Finalement assez peu conforme aux canons de la SFF, si ce n’est par son contexte, Mausolées est une histoire de secrets, de vengeance, de paranoïa. C’est un roman qui aurait pu mettre en scène des mafieux contemporains sans être fondamentalement différent. Il peut, de ce fait, décevoir le lecteur attiré par la présentation post-apo’ de l’éditeur. Nonobstant, c’est une très bonne histoire, lente, tendue, qui saisit le lecteur, fasciné par l’étude, presque entomologique, de la vie d’une fourmilière hiérarchisée et organisée. C’est l’histoire de la fin d’un cycle, celui de l’humanité que nous connaissons, de sa philosophie et de ses mythes fondateurs. Car même si les hommes réussissent à maitriser assez le génie génétique — et ceux des humains qui souhaitent l’extinction — pour éviter que l’humanité ne devienne un souvenir, ce qui nous succèdera sera très différent de nous ; comment comprendre le son que rend l’arc d’Ulysse quand on ne sait pas ce qui est une hirondelle ?

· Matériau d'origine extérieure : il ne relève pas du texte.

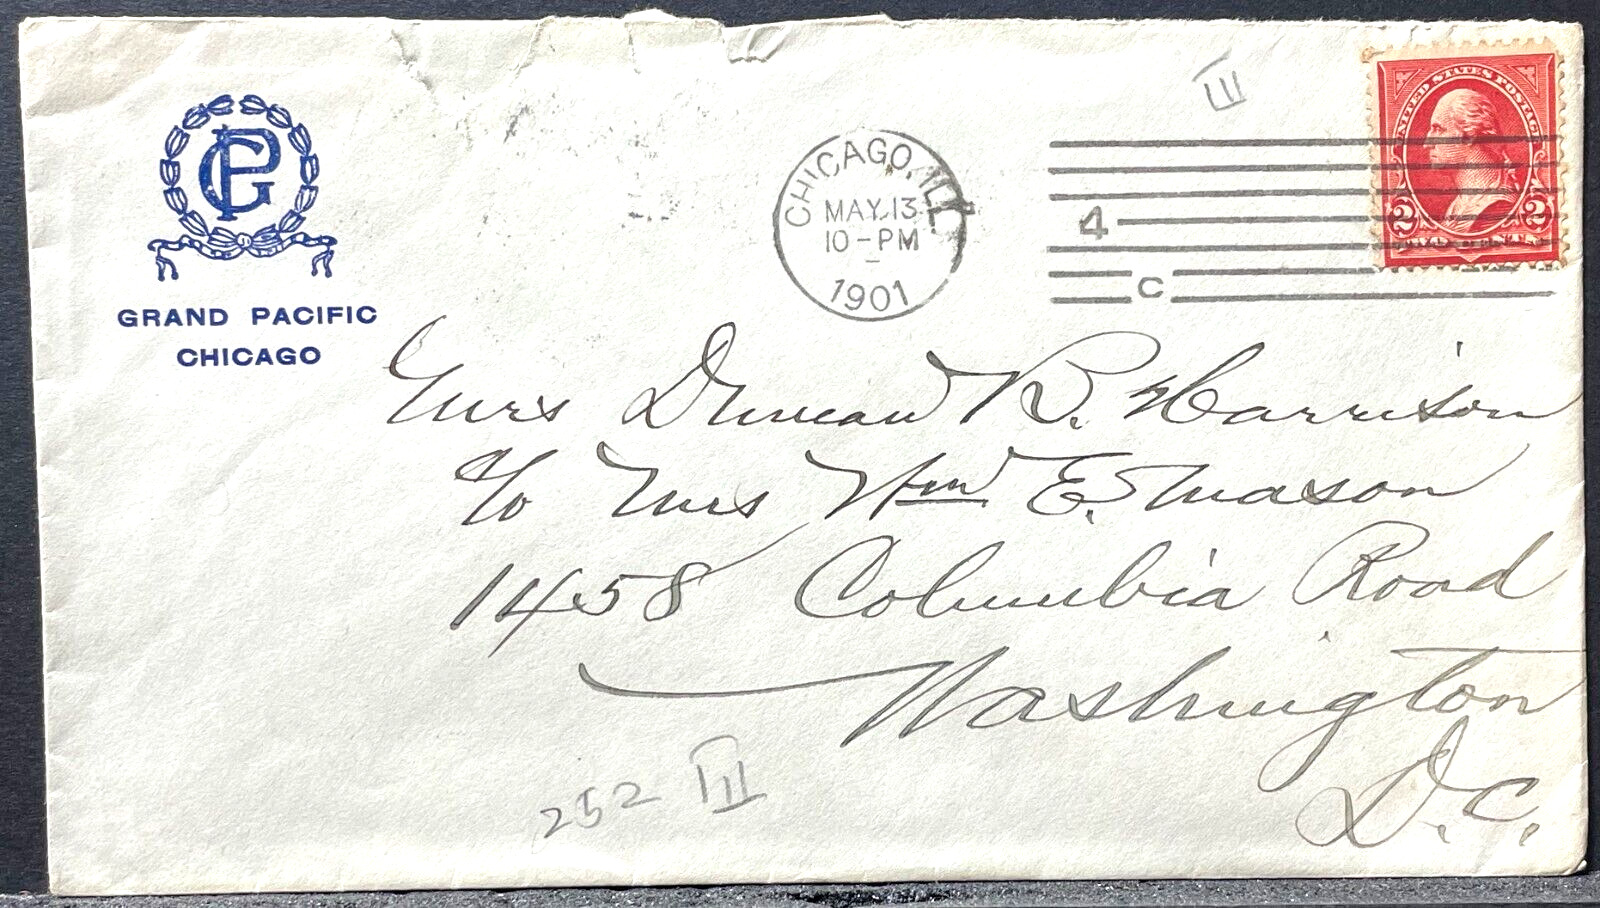 1901 Chicago Grand Pacific Hotel Envelope with Red 2 Cent Washington Stamp

C’est aussi en contrepoint une histoire sur la volonté de survivre, de poursuivre, de faire descendance, tant physique qu’intellectuelle.
Eros et Thanatos s’affrontent dans Mausolées ; le lecteur assiste, médusé, à leur duel.
Rappelant plutôt le Boris Vian de L’Arrache-cœur que le Walter Miller d’Un cantique pour Leibowitz, enfermant ses personnages comme dans le Bunker Palace Hôtel de Bilal, Mausolées propose un voyage dans une contrée étrange où vivent des femmes-troncs nues aux membres mécaniques, où une abbaye, reconvertie en place forte, abrite des trésors culturels derrière des systèmes de destruction massive, où des vieillards agressent, depuis leur maison, les passants qu’ils haïssent, où les politiques, corrompus ou incompétents, meurent ou trahissent, où un centre pour handicapés tient lieu, parfois, de centre du monde. Un voyage en terre bien singulière, plaisamment dépaysant.
Très écrit, mais jamais trop, Mausolées est un roman d’une lecture agréable, plein d’images qui embellissent le texte sans jamais l’alourdir inutilement. Un roman recommandable pour peu que le lecteur sache où il met les pieds.